With your proposed modification (as I imagine it), at most, the locator will evolve to "the span of the most recently read token". It will almost never be the actual span related to any construct of interest (which typically will involve multiple tokens), so it will just seem more confusing.

brucemiller commented 13 years ago

I know that this feature request sounds reasonable on the surface, and I can sympathise with the potential application, but it really seems ill-defined to me.

If the request it to change the syntax of the locator to XPointer's textpoint(line,col), that is easy enough and can be accommodated.

However, to turn it into a range needs to answer what range. At the Mouth level, the most you can do is the most recently read Token (which is easy enough to do in the application, anyway, so it isn't really worth carrying all that extra annotation around). Any higher level range seems poorly defined. The TeX to XML correspondence fails to be 1-1 often enough. And from an implementation point of view, you never know what thing you want, so that you can find where it started until it's way too late.

So... can we close this?

kohlhase commented 13 years ago

I think that Deyan made some implementation of this in the arXMLiv branch, which is accurate enough for me in sTeX to be extremely useful. I never encountered it being off; but Deyan says the sTeX code is regular enough. I know that Deyan wanted to improve things; And I would be very happy to have good back-references for the arXiv, since we could base author-oriented services on this.

From my side we can close this ticket.

brucemiller commented 13 years ago

Sorry that I'm a bit confused by the response; what you're wanting, how much, and why.

Ultimately, the locator is used in all the messages to give an indicator where a problem occurred, what triggered it, where things were defined, so they come in slightly different forms and are all "english" oriented. I think it would be relatively painful to debug latexml (as if it isn't painful enough already) trying to sort out xpointer expressions as well. And has been pointed out elsewhere, straying too far from the latex-way of doing things just causes more trouble! :>

If you're explicitly adding a locator to generated xml, then that could be done with only a bit of extra cruft.

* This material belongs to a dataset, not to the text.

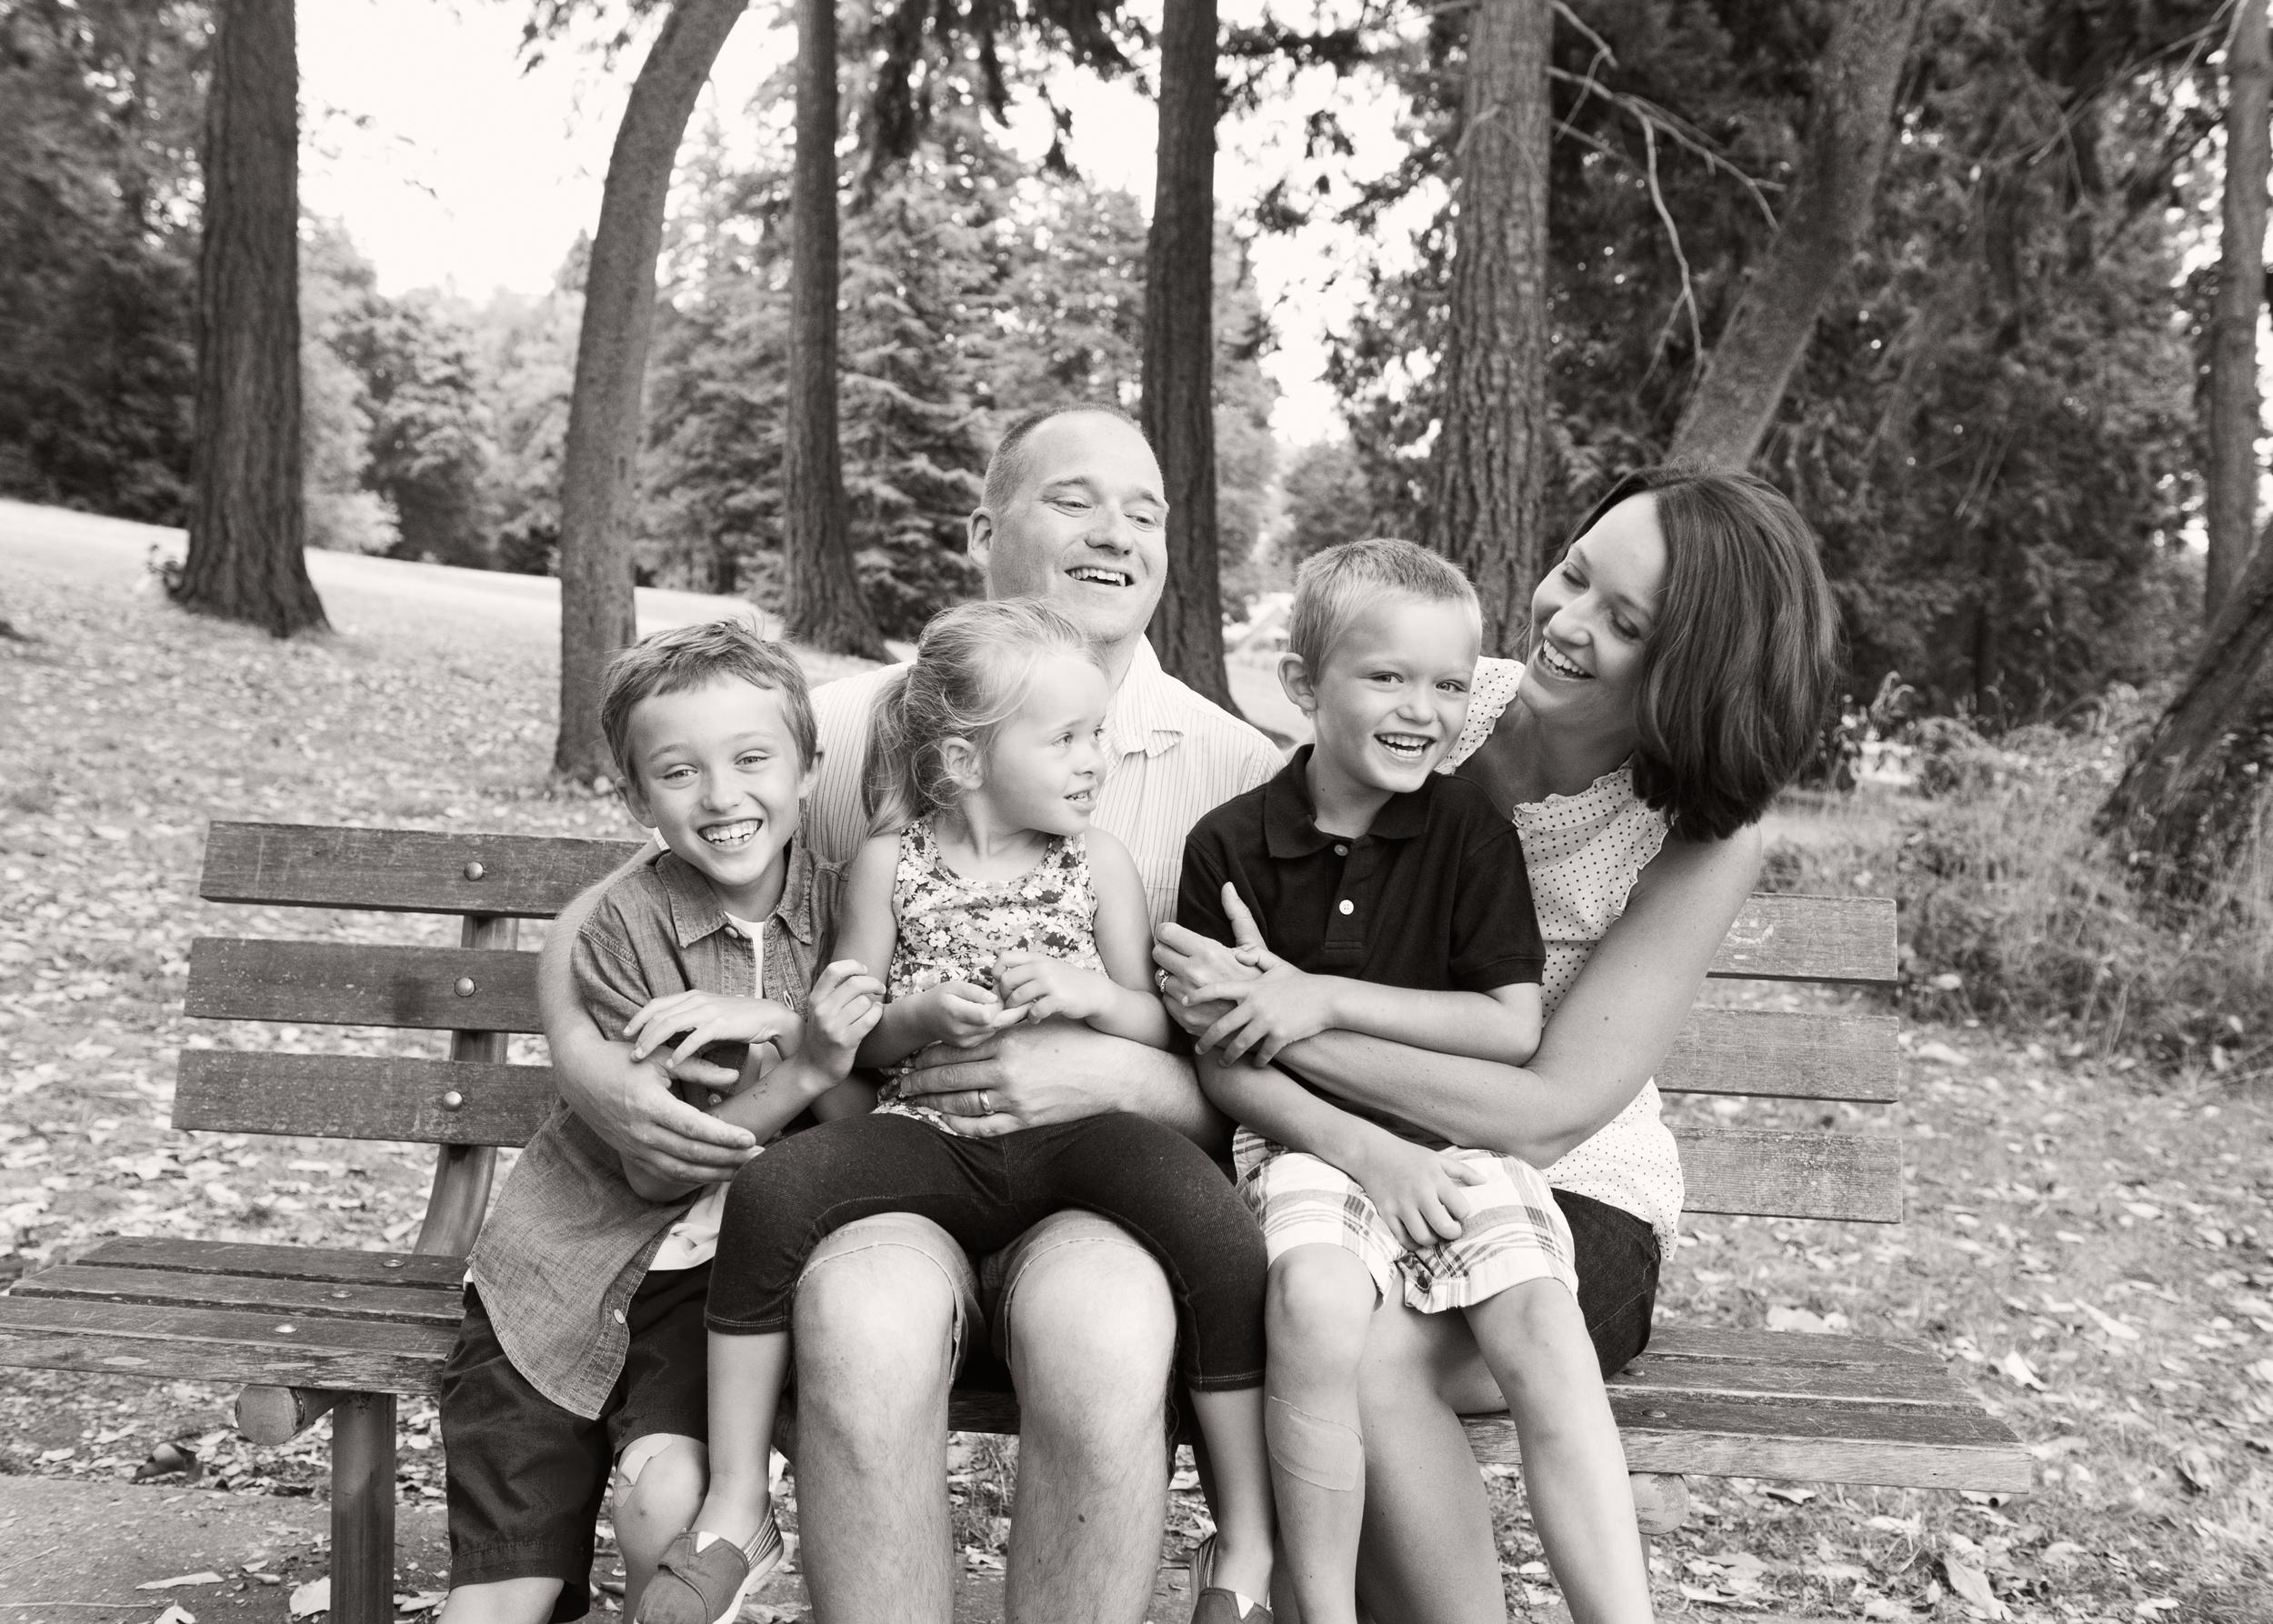 seattle-family-portrait-photographer-23.jpg

Put something like "..." and then define

  sub XPointer {
    my($locator)=@_;
    if($locator =~ /^at(.*?); line (\d+) col (\d+)$/){
      return "$1#textpoint($2,$3)"; }
    ...}

On the other hand, I've never understood the range notion; what object it should show the start and end of? (and how latexml should know) The example I saw that cropped up in Ticket #168 wasn't even "well-formed in a TeX sense" (ie the TeX wasn't balanced).

dginev commented 10 years ago

Well isn't this one confused ticket! So why not reopen it? :>

Motivation

Rereading Bruce's comments 4 years later makes them a LOT more understandable. Turns out experience helps grock the subject matter. So humour me in revisiting this discussion, hoping I now know enough to be worth talking to :> I definitely agree staying close to TeX is in the spirit of LaTeXML, so lets revisit the idea trying to do just that.

Let me start by reiterating that a good handle on locators is a really great capacity on which applications, in particular web editors, or any LaTeXML-driven editor, could build on. I want to give a running example of the feature we are all having in mind, implemented by WriteLaTeX.com for their good-old-TeX conversion workflow (the red rectangle holds a popup error message from the LaTeX log):

write latex localization

This example wasn't around when we had the discussion 4 years ago, so maybe we can all revisit our expectations and requirements to get such a feature for LaTeXML.

They are parsing the TeX log and using solely the line number for reporting the error. Clearly we can implement that exact error reporting interface without any modifications to the stock LaTeXML. That's great!

But we at KWARC always want to push the boundaries of features, so lets discuss doing so for localization, one last time. The enhancement we have always had in mind was to capture the exact surface substring (i.e. the TeX written in the document by the author, regardless of what it expanded into) which is "of interest" for some feature. In the case of error reporting, "of interest" means that it triggered an error.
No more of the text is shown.